ここ数年、東京に行く度に寄らせていただく家があります。

サチコさんとご主人のテージさんが住んでいる、浅草の『テジ家』と呼ばれているお宅。

最初にサチコさんと出会ったのは5年前の個展。ちょうどMonohanakoで独立して駆け出している頃でした。サチコさんが器を見る眼、取る手で瞬間にこの人は料理をする人だ!と直感しました。その翌日、また来てくれて、器の使い勝手が良い、と褒めてくれたのもうれしかったのですが、それよりも、是非うちに食事に来て欲しいとご招待を受けたのがなによりもうれしかった。日本では人の家に食事に呼ばれることがずっとなかったのでちょっぴり寂しさを感じていました。
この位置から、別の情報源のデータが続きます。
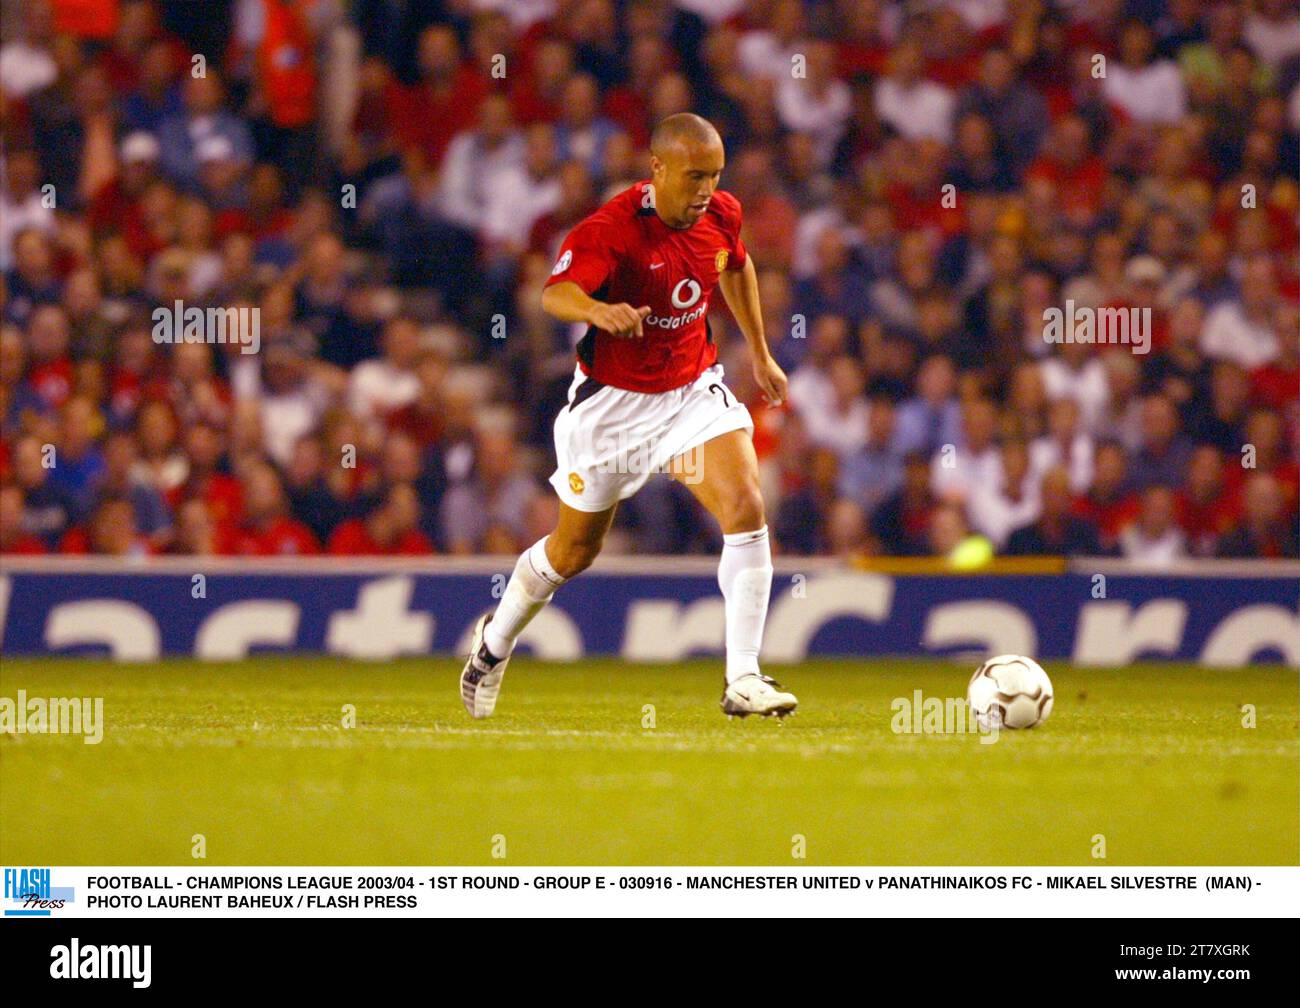 FOOTBALL - CHAMPIONS LEAGUE 2003/04 - 1ST ROUND - GROUP E - 030916 - MANCHESTER UNITED v PANATHINAIKOS FC - MIKAEL SILVESTRE (MAN) - PHOTO LAURENT BAHEUX / FLASH PRESS Stock Photo

『うちでよかったら、もし時間があれば一緒に食事をしませんか?狭いうちですけど。』

なんて気軽に、オープンに自分の家に招待してくれたのが心に響きました。

料理は人を表すと言うけれど、サチコさんの料理は優しい。食べると優しい気持ちになれる。けれど、しっかりホネのある味。シンプルだけど、奥深い味。五感を研ぎ澄ませた料理。味覚のツボがドンピシャでフィットする人っていそうでなかなかいません。一晩を共に過ごしただけで、胃袋で深くつながってしまう仲になってしまいました。以来、スッカリ餌付けされてしまったネコのように、東京へ行く度に『テジメシ』のお世話になっています。
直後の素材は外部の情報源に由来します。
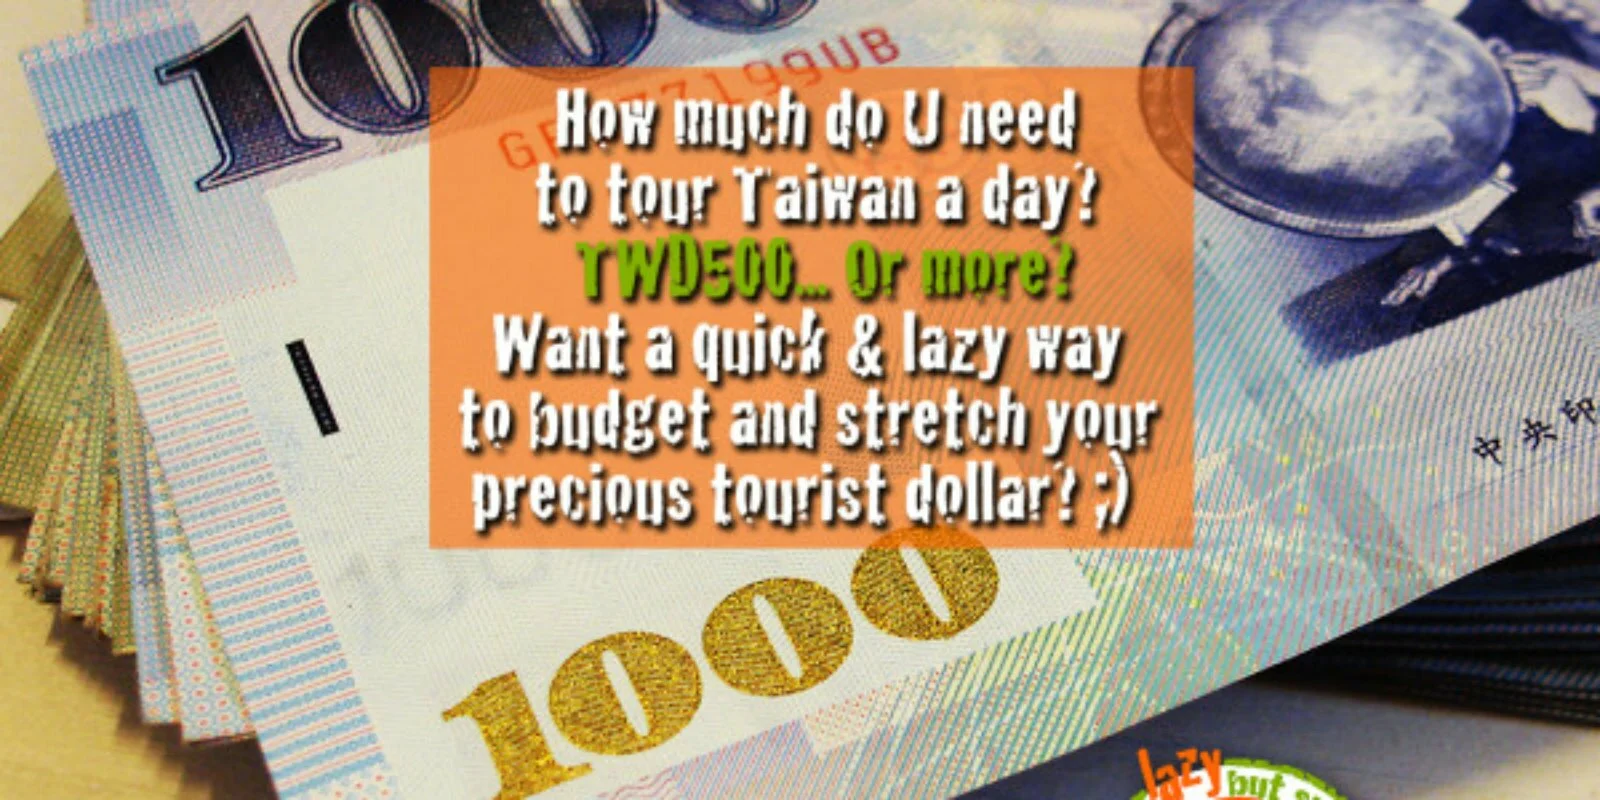 Taiwan-Dollar-For-1-Day-Tour

テジ家にも唐津へお越しいただき、そのお返しをするつもりが、サチコさんとテージさんにも台所に立ってもらい、みんなでわいわい食事をしながらバッカスのように陽気な夜を一度となく過ごしました。

とまあ、こんな感じで胃袋でつながった絆は太るばかり。

さてさて、プロダクトデザインの業界で長年活躍されている手島啓介さんが、今回Studio Tejimaを立ち上げられると共にサチコさんとのパートナーシップでGallery Teをオープンされました。その第一回目の展示会を私がやらせていただくことになりました。『デザイン』という視点からモノ作りをされるテージさんとの意見交換は興味深く、是非コラボをやってみたいとおもいました。

今回、蓋:Studio Tejima、胴体:monohanakoの茶壷が登場します。

一方、今回の器のコレクションは手島夫妻のご意見を参考にしながら、『ベーシックな器』に焦点をしぼりました。なぜ、この器、この形状が料理が映えやすいのか、盛りやすいのか、使い易いか、という使い手の視点から客観的に作品を見つめなおす良い機会となりました。Studio Tejimaとの新しい試みと、新たに原点を振り返ったmonohanakoをご高覧いただけると光栄です。